> _EXTRACTED DATA_:
-- Opening Marker --
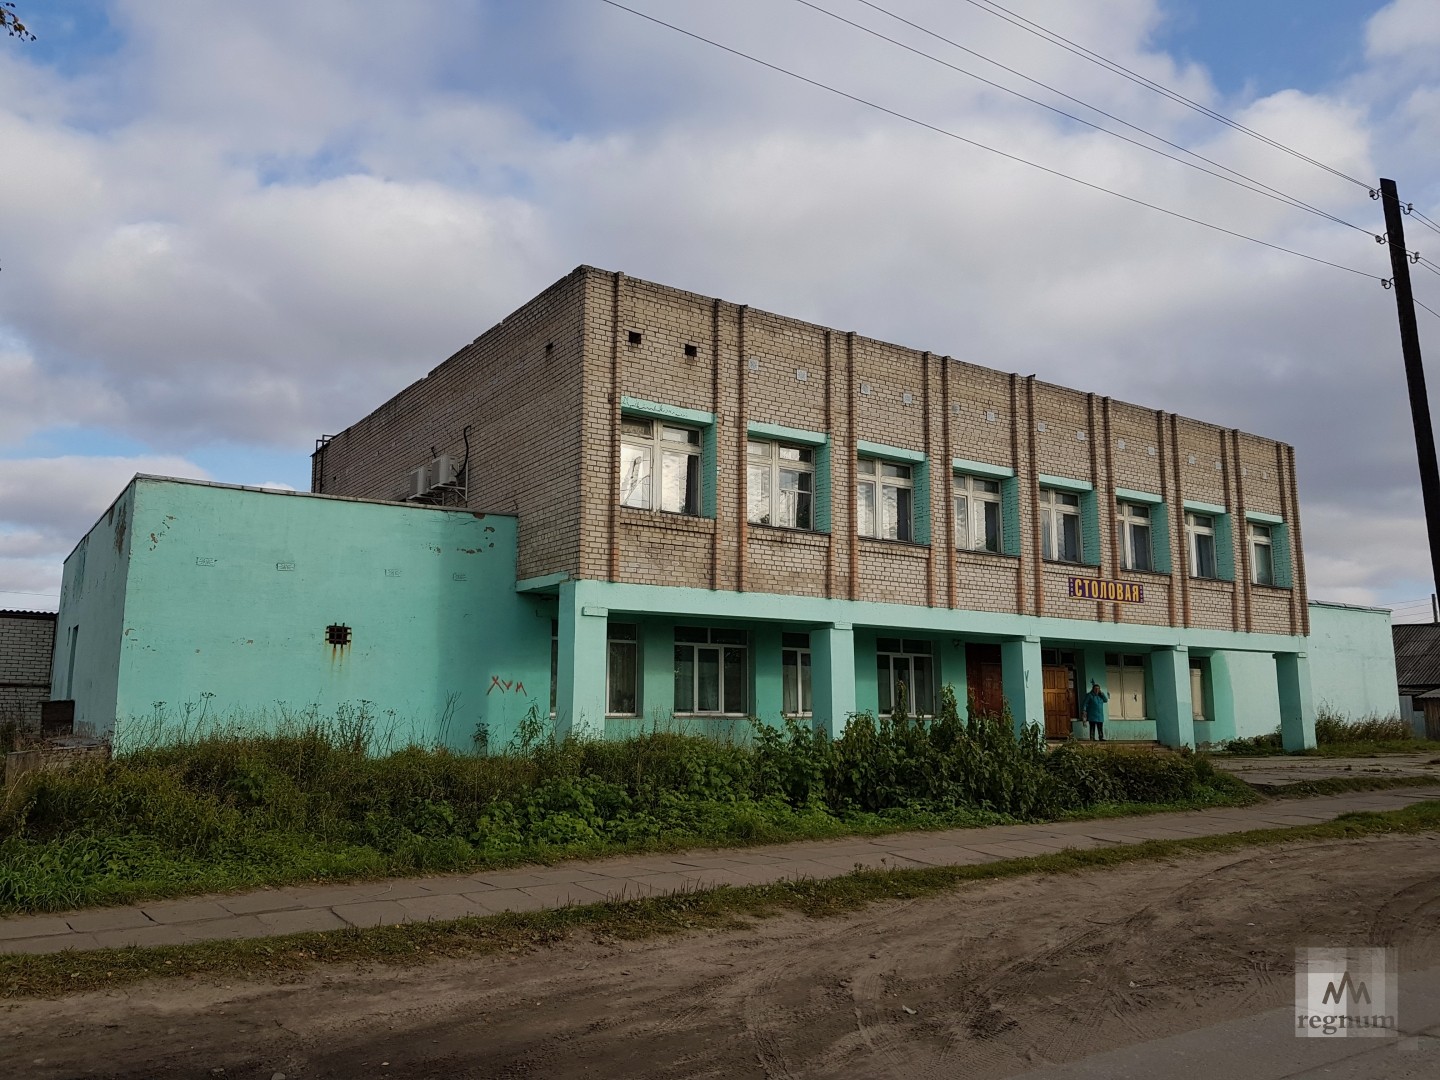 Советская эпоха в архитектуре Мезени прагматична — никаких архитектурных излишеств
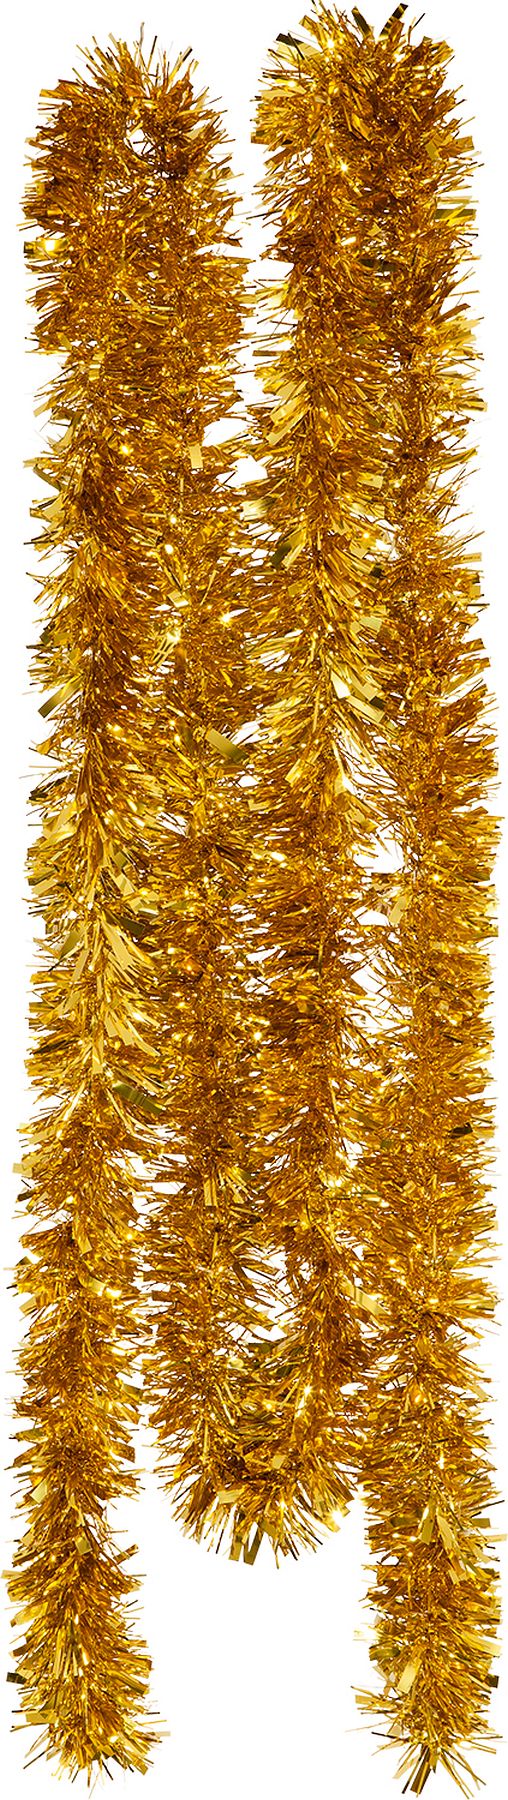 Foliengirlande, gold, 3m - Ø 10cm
-- Closing Marker --
-- Opening Marker --
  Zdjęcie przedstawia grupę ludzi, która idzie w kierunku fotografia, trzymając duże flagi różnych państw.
-- Closing Marker --
> _TASK PROMPT_: Print exactly the lines above that run from the one with "Советская эпоха в" to the one with "Foliengirlande, gold, 3m - Ø 10cm", both included. No pictures.

> _ANSWER BOX_:
 Советская эпоха в архитектуре Мезени прагматична — никаких архитектурных излишеств
 Foliengirlande, gold, 3m - Ø 10cm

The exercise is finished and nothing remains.